--- DATA PROVIDED Enclosed Below ---
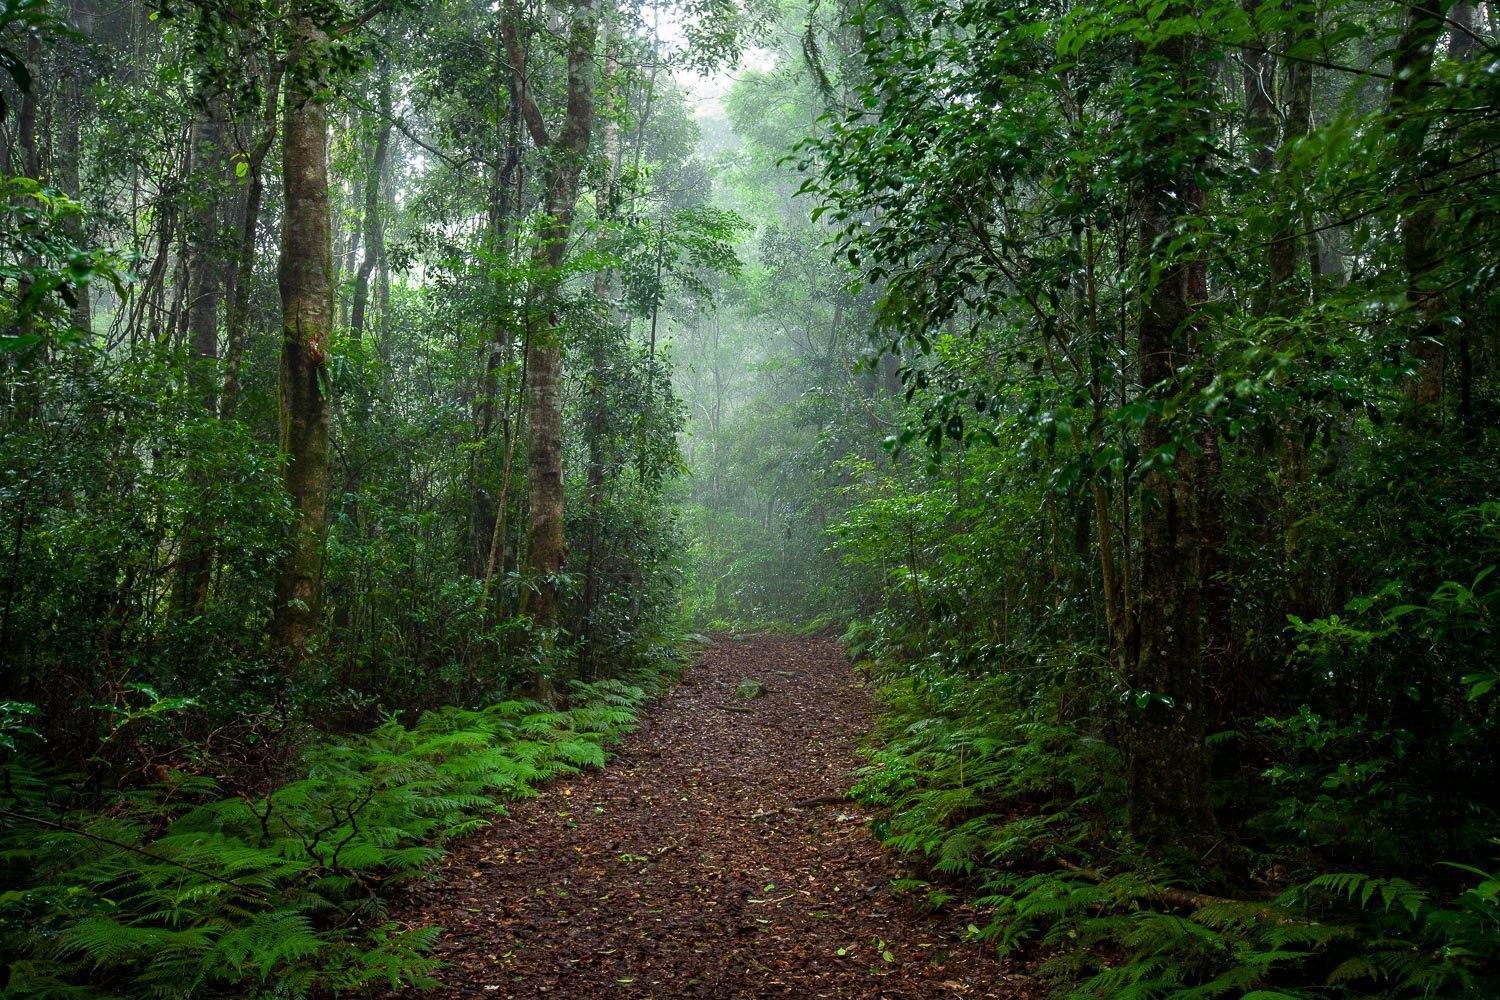 A narrow pathway in the forest between a rows of trees and plants, Lamington Mood - QLD
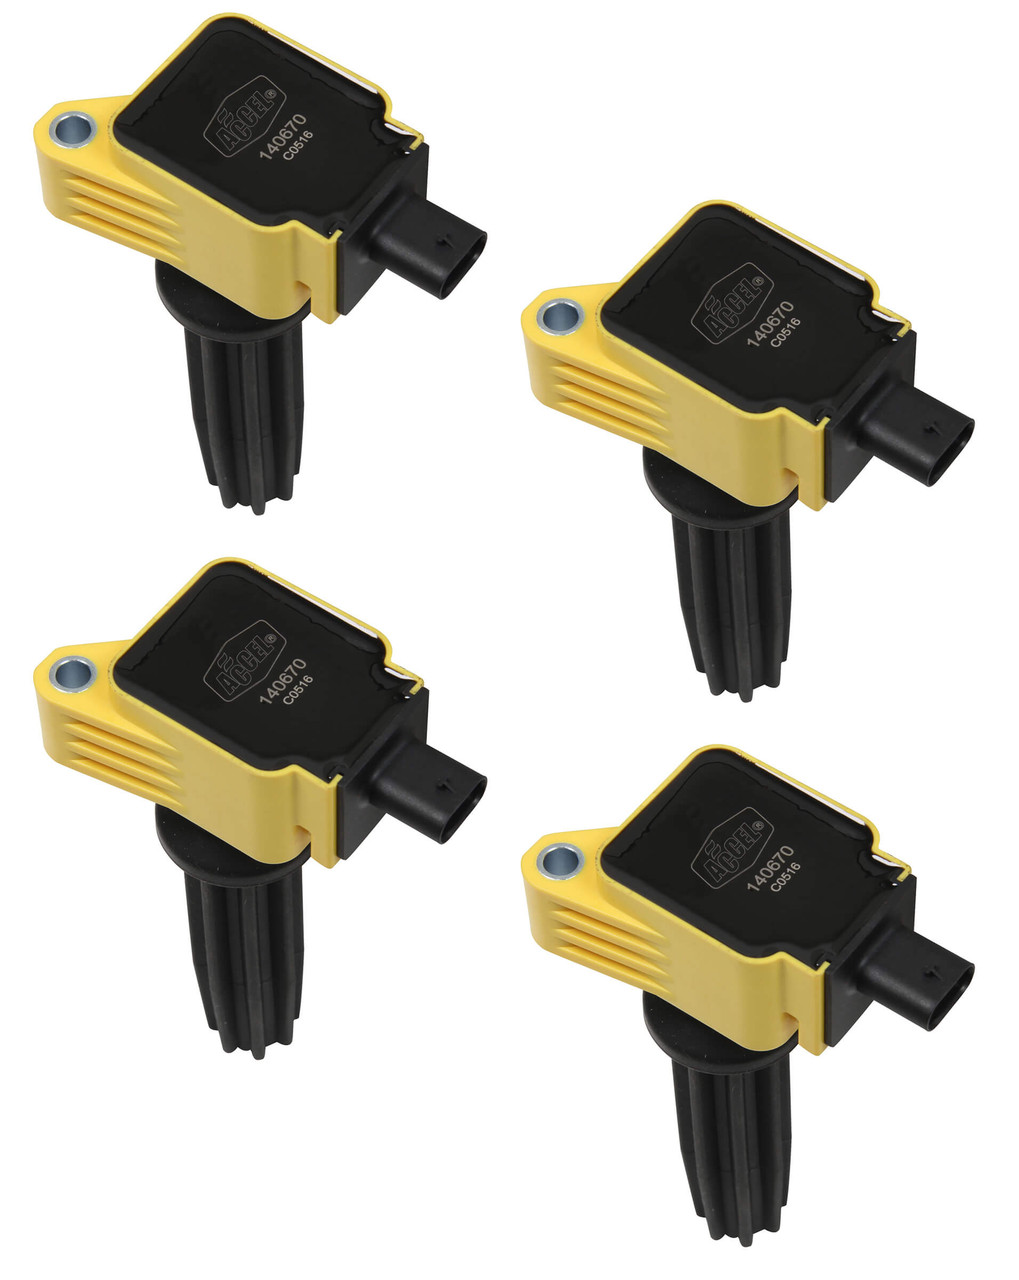 140670-4 Accel Ignition Coil - SuperCoil - Ford EcoBoost 2.0L/2.3L - L4 - 4 Pack
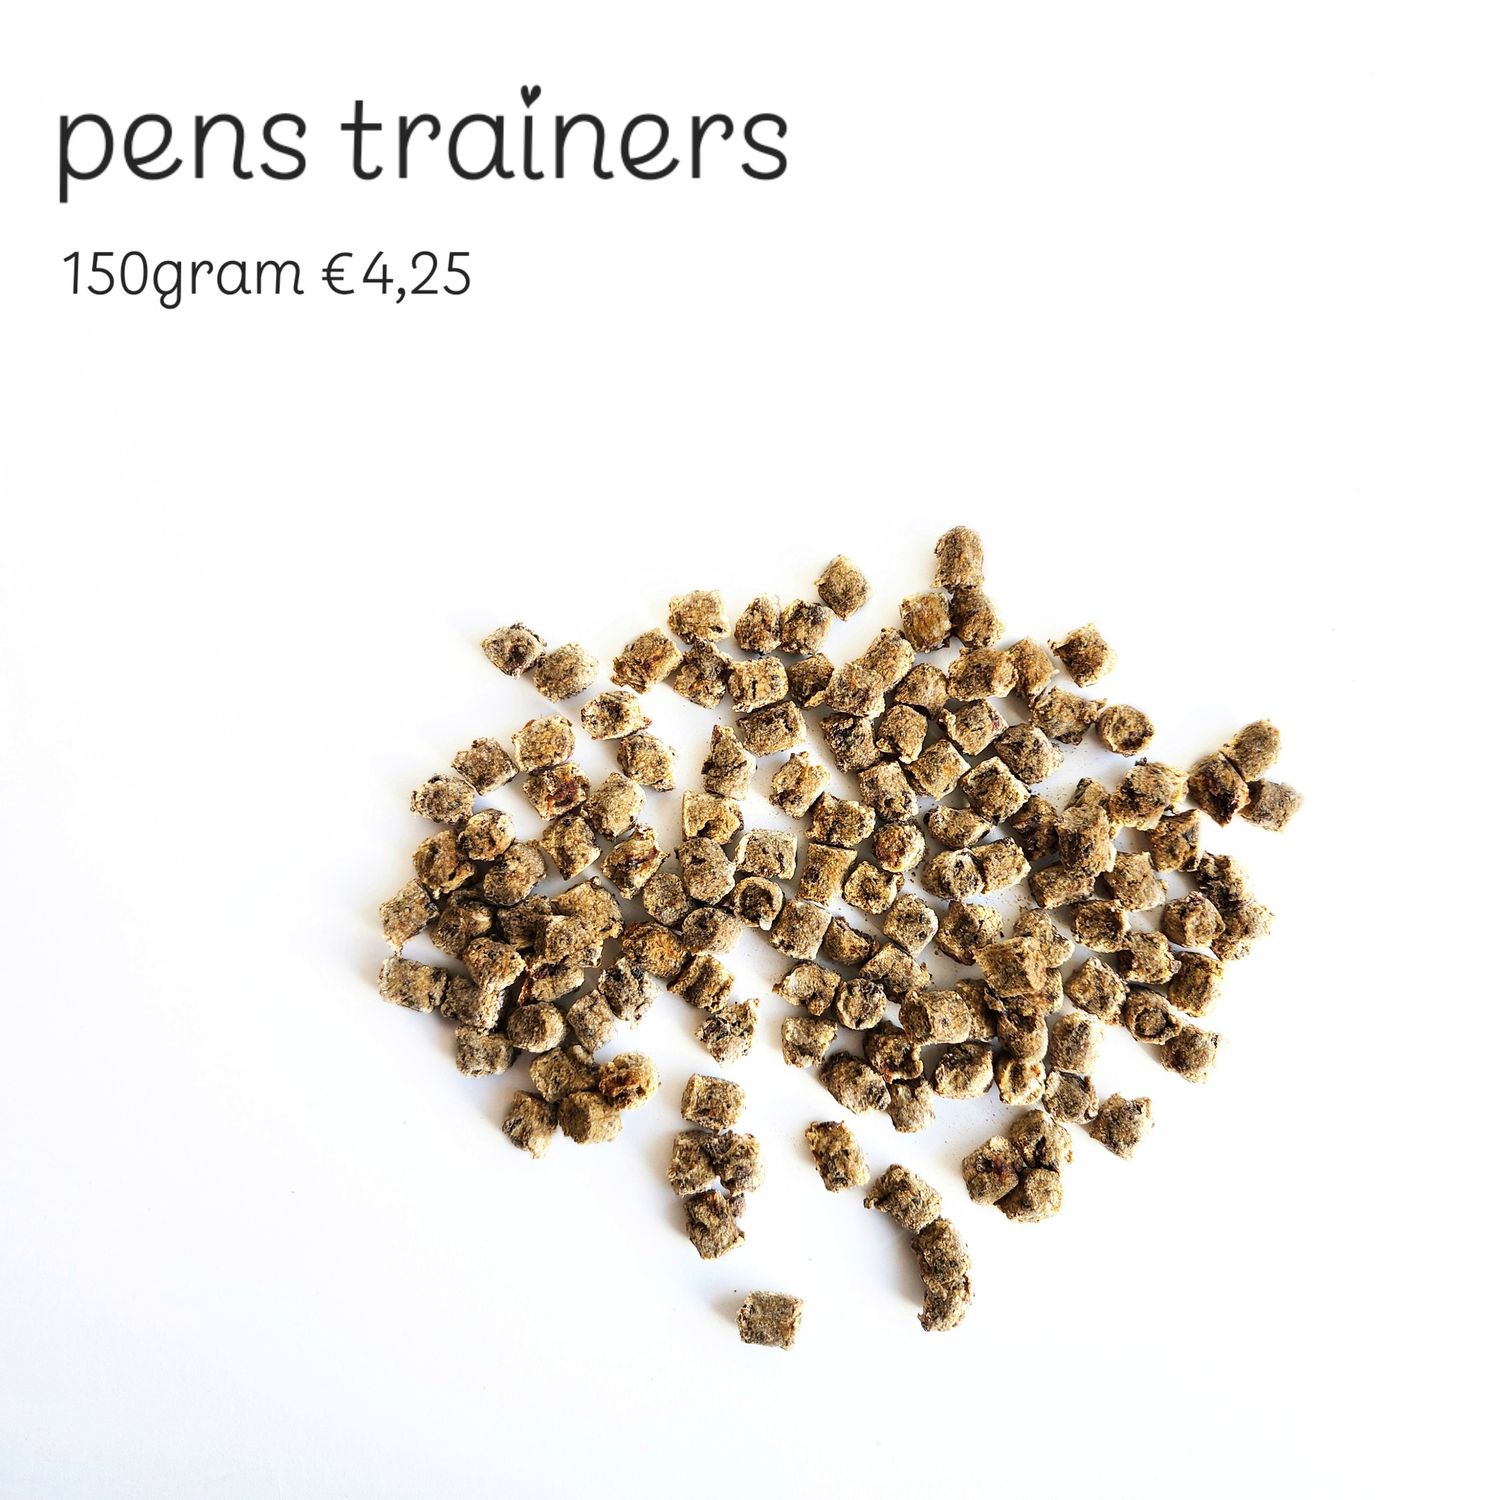 Pens trainers
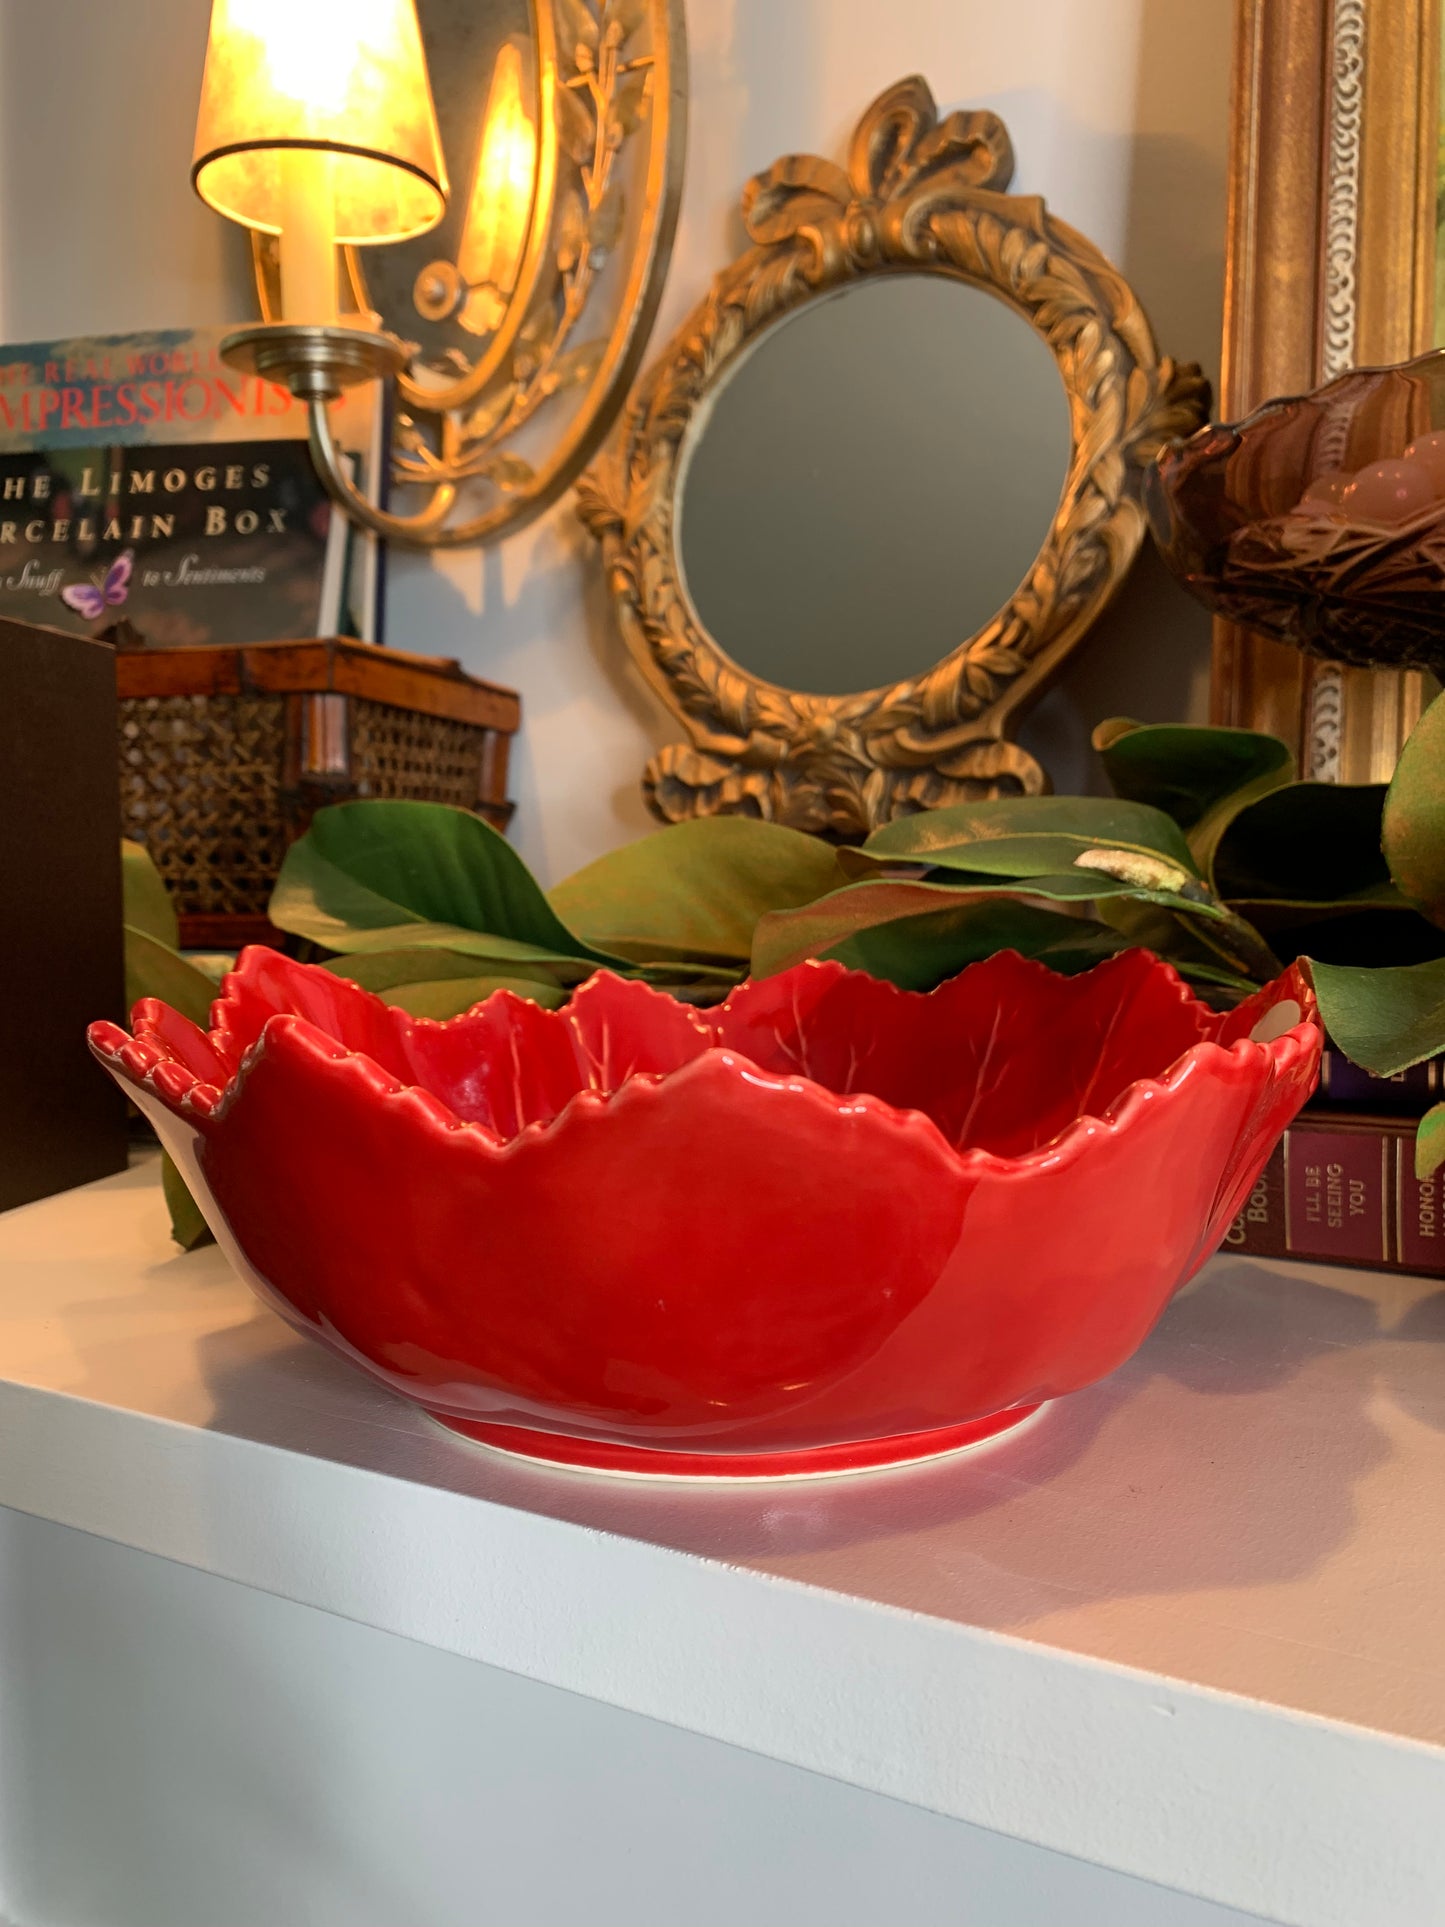 New Red Maple Leaf Olfaire Serving Bowl
--- End of Enclosed DATA PROVIDED ---
INSTRUCTIONS FOR THE TASK:
Could you transcribe the material above exactly, keeping every picture out?

RESPONSE TO THE EXERCISE:
 A narrow pathway in the forest between a rows of trees and plants, Lamington Mood - QLD
 140670-4 Accel Ignition Coil - SuperCoil - Ford EcoBoost 2.0L/2.3L - L4 - 4 Pack
 Pens trainers
 New Red Maple Leaf Olfaire Serving Bowl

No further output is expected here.